▶ [DATASET EXCERPT]
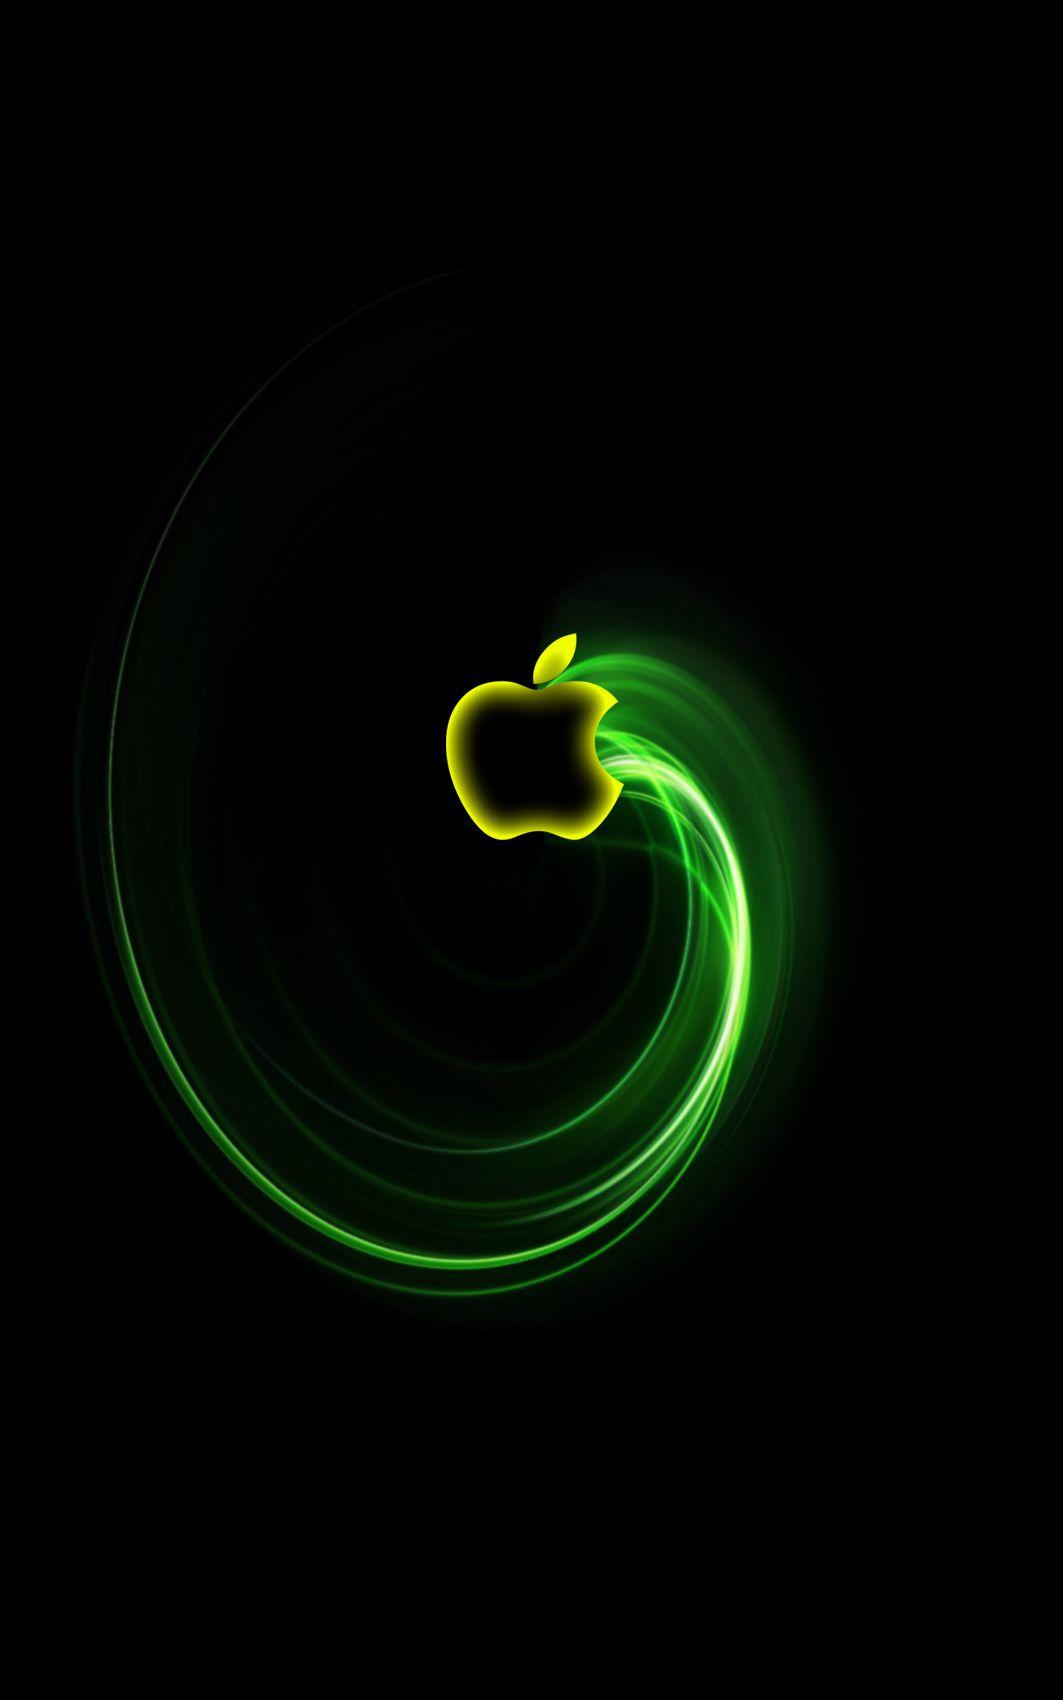 top apple wallpaper Tag Download HD Wallpaper Page hd
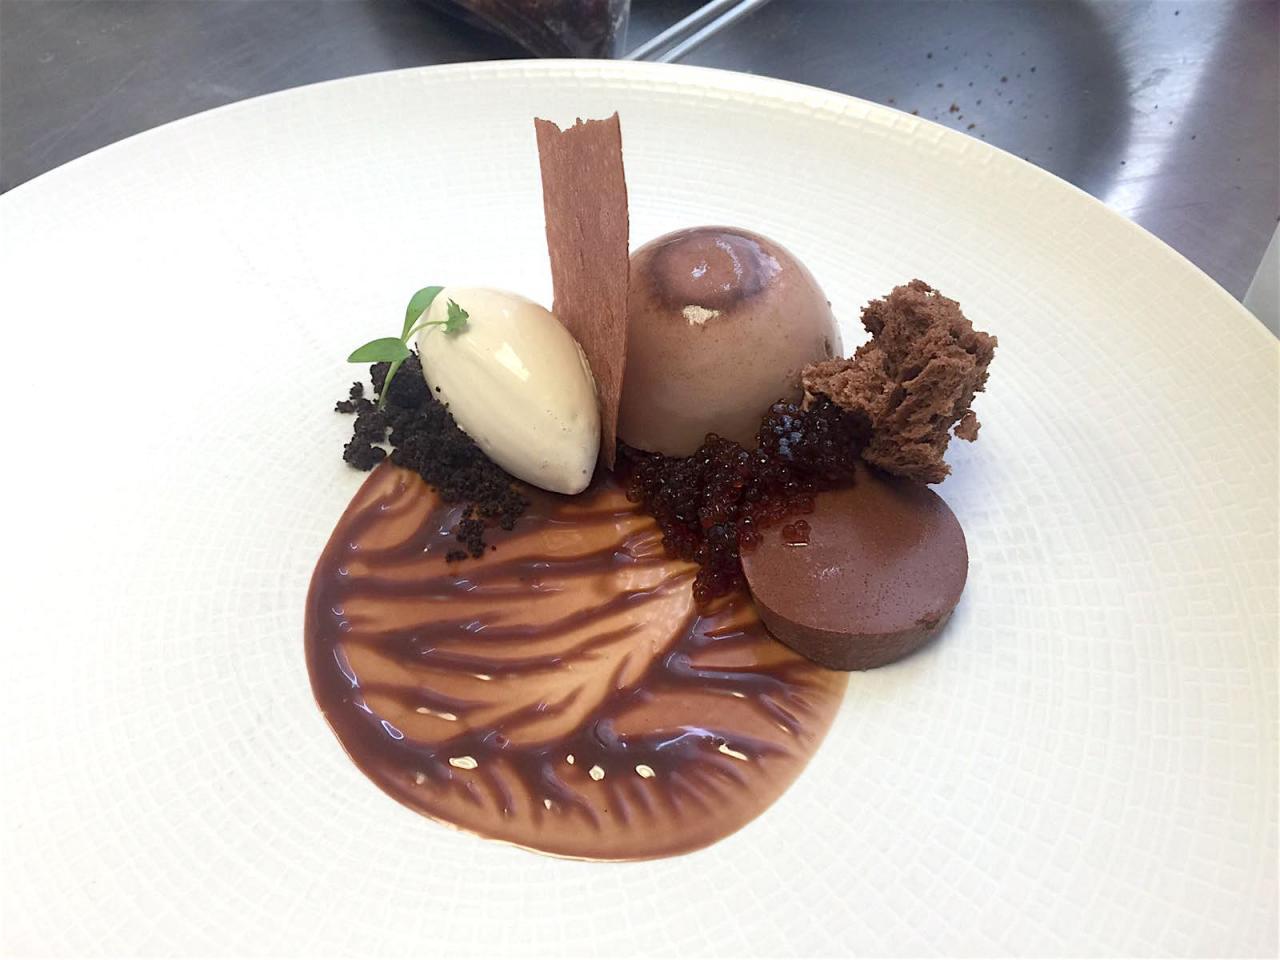 The chocolate panna cotta. Photo: Courtesy of Ryan Thompson
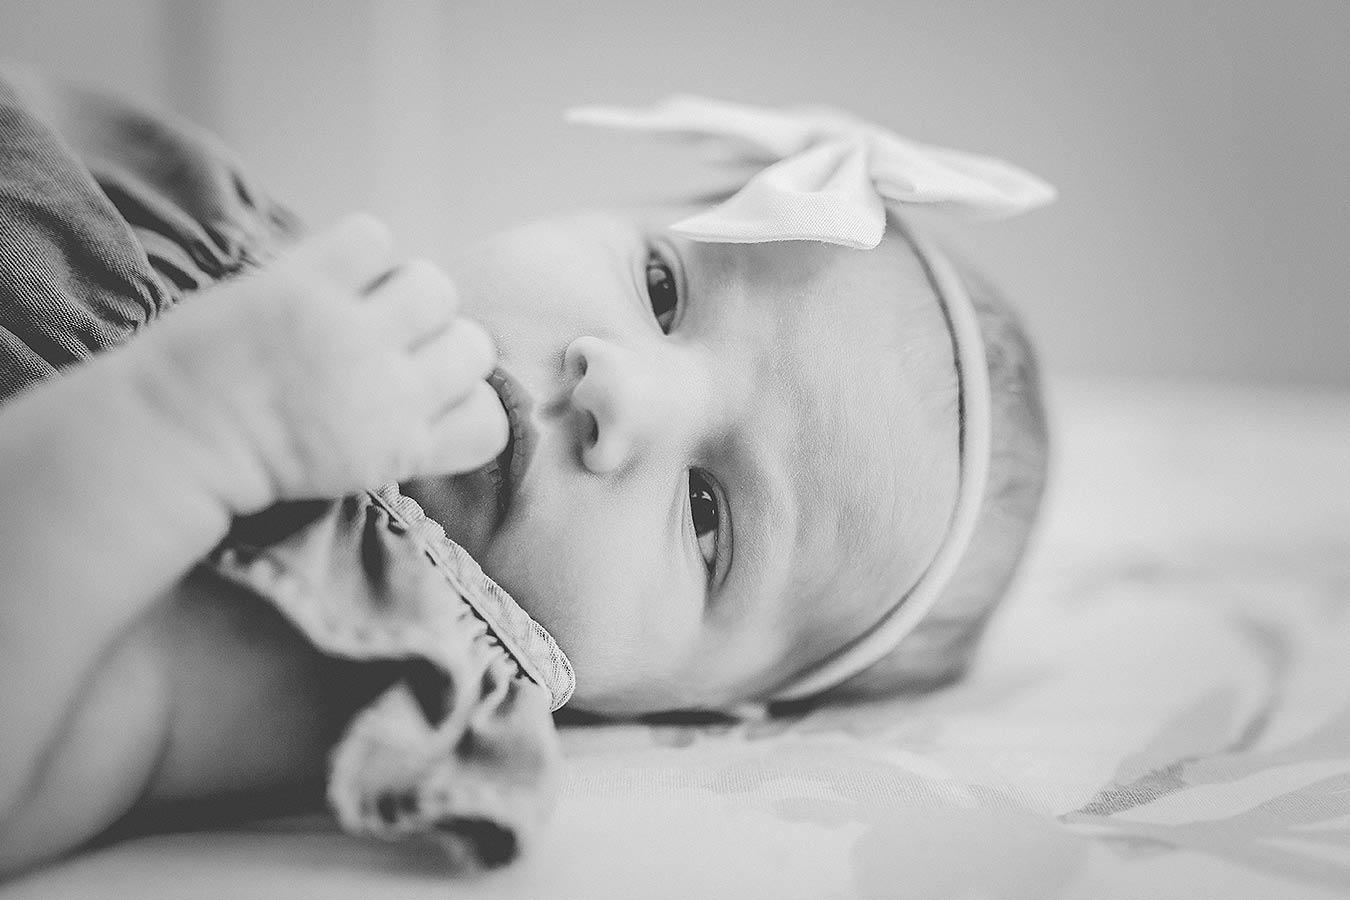 LoganUtahNewbornPhotographer-LifestyleNewbornPhotographyUtah-HeidiRandallStudios-Ellie-GirlNewbornPhotos-11.jpg

▶ [PROBLEM TO SOLVE]
What you return should be the whole listing, word for word, without its pictures.

▶ [COMPLETED TASK]
 top apple wallpaper Tag Download HD Wallpaper Page hd
 The chocolate panna cotta. Photo: Courtesy of Ryan Thompson
 LoganUtahNewbornPhotographer-LifestyleNewbornPhotographyUtah-HeidiRandallStudios-Ellie-GirlNewbornPhotos-11.jpg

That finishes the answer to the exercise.